Try it → Return exactly, please, the line that contains "Granny hot stuff nudes" and every line after it through the end of the material that follows, leaving pictures aside.

Collected data →
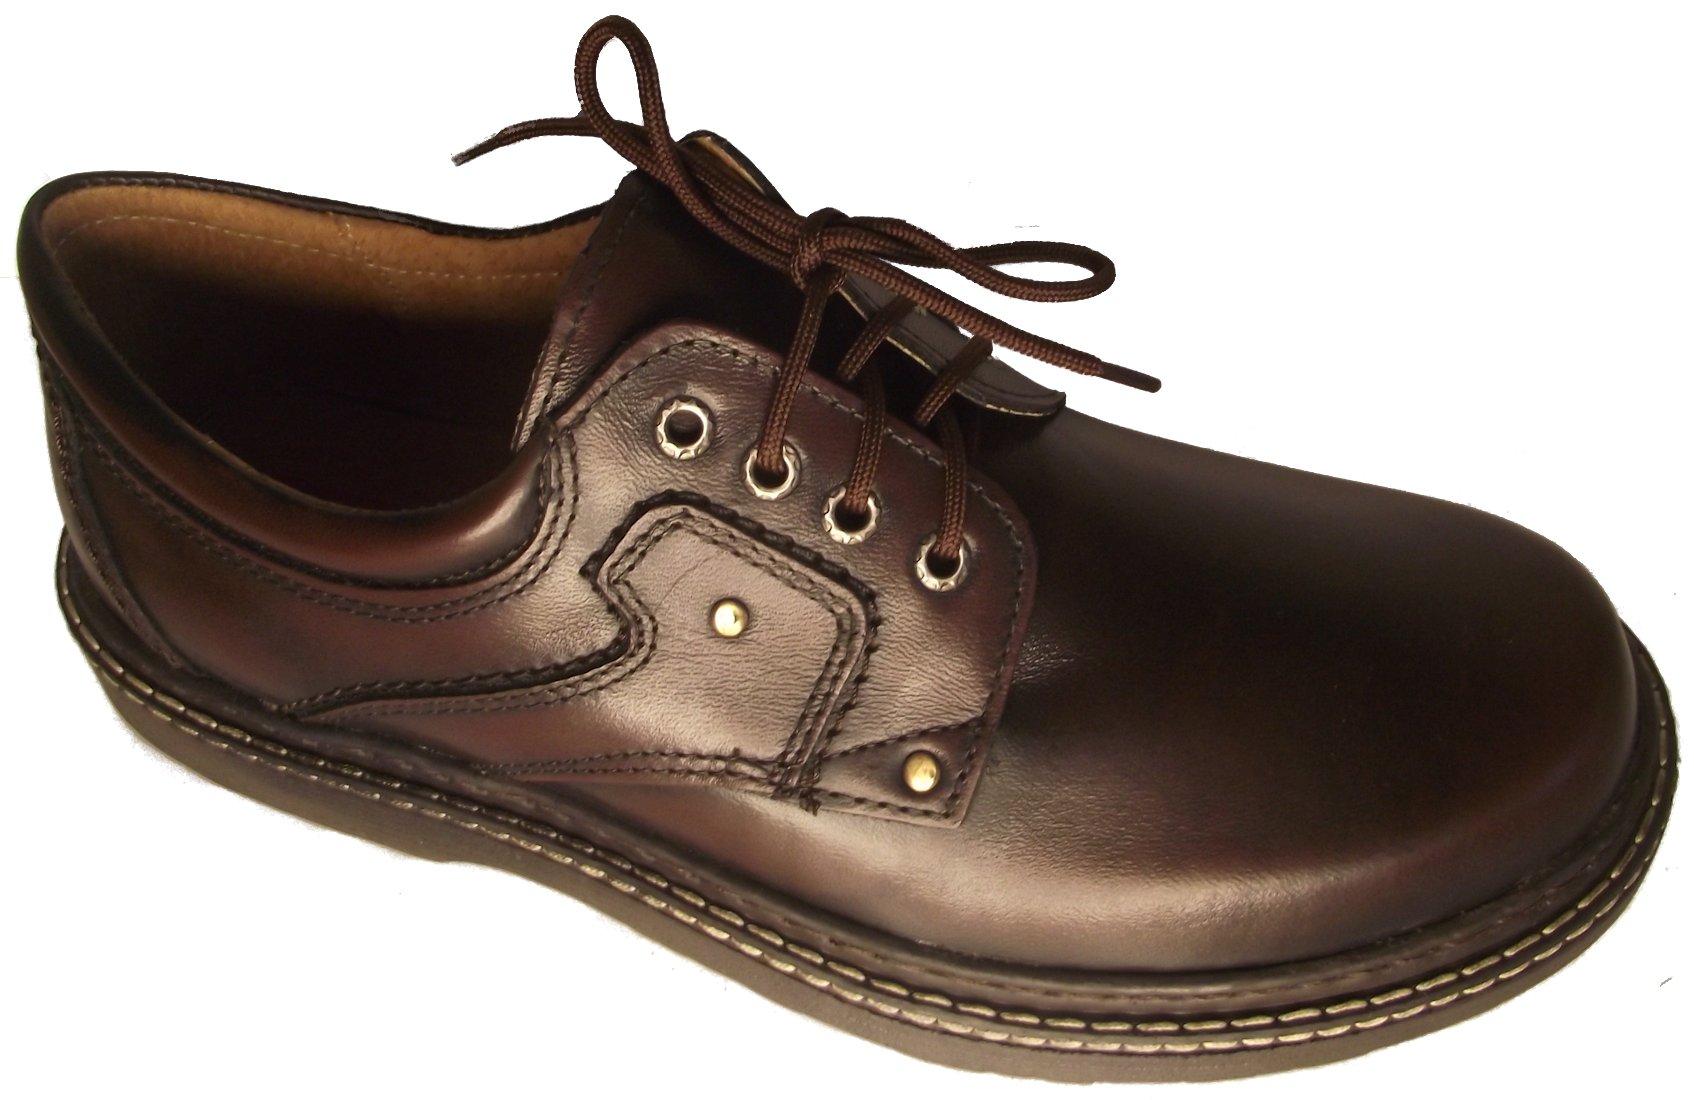 Pánská vycházková obuv NES 4030 Velikost: 41 (EU)
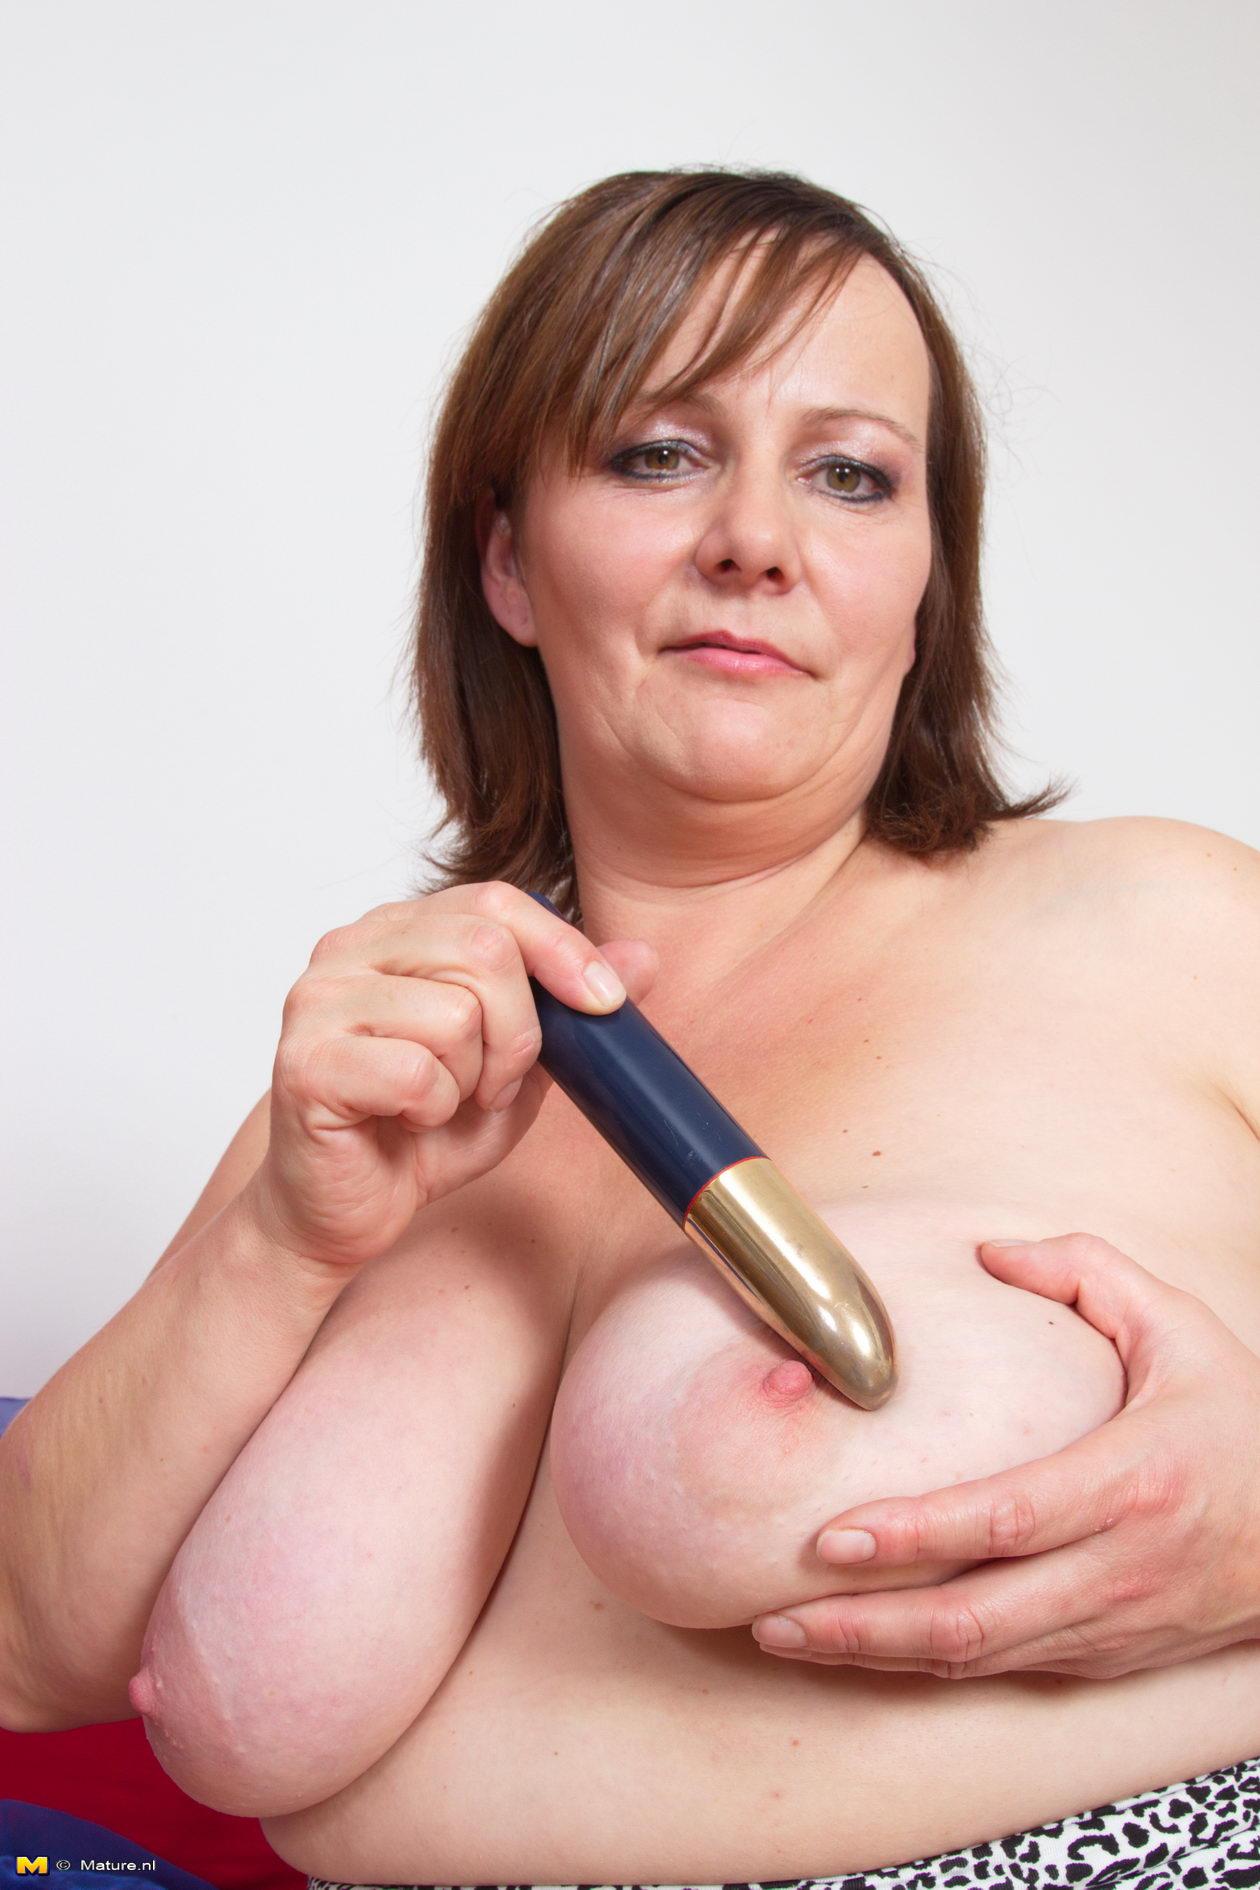 Granny hot stuff nudes
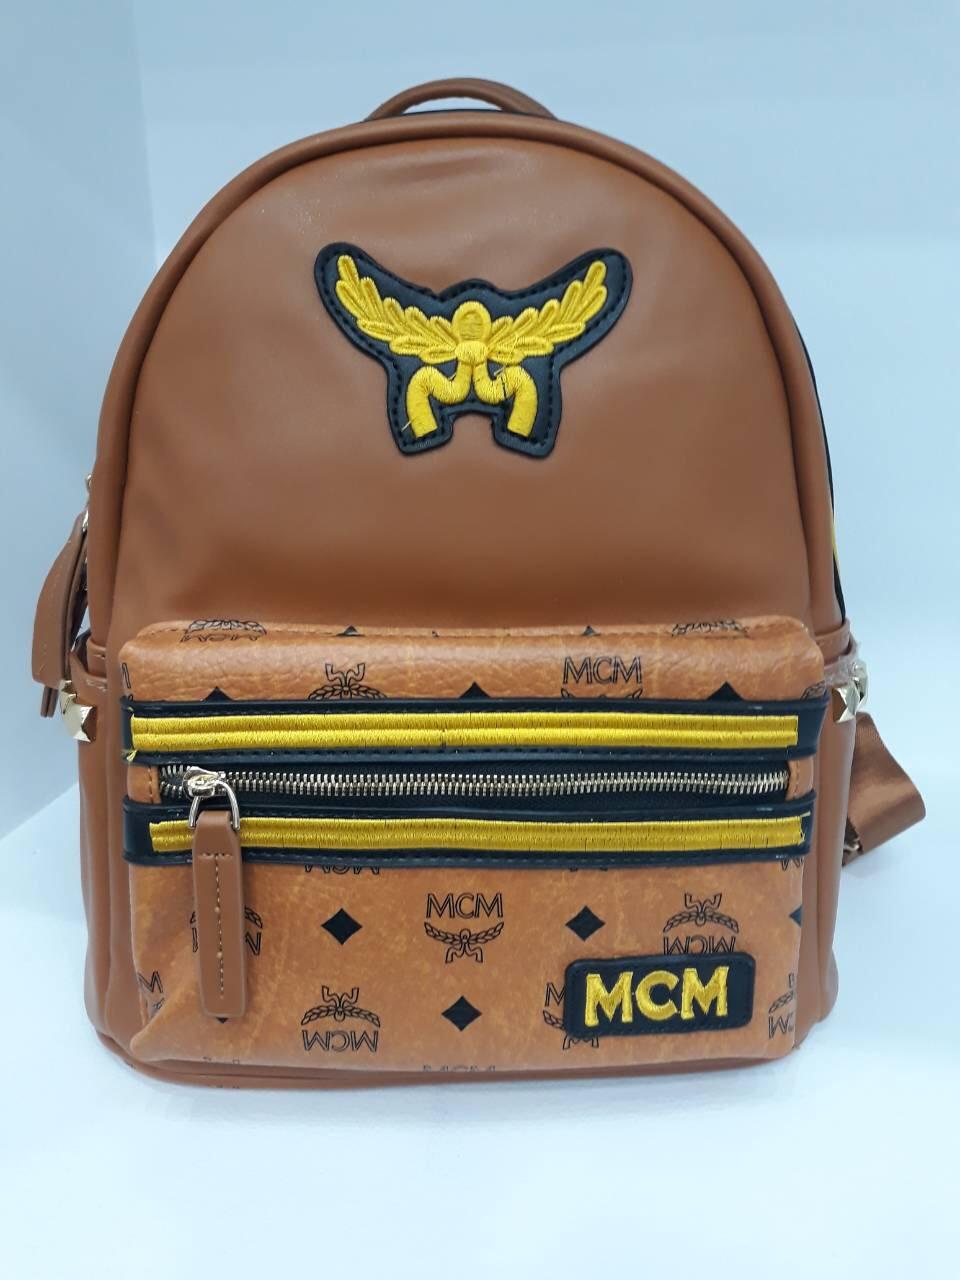 54d794fba5 ... τσάντες   MCM   MCM BACKPACK MEDIUM  10746. prev

Solution below →
 Granny hot stuff nudes
 54d794fba5 ... τσάντες   MCM   MCM BACKPACK MEDIUM  10746. prev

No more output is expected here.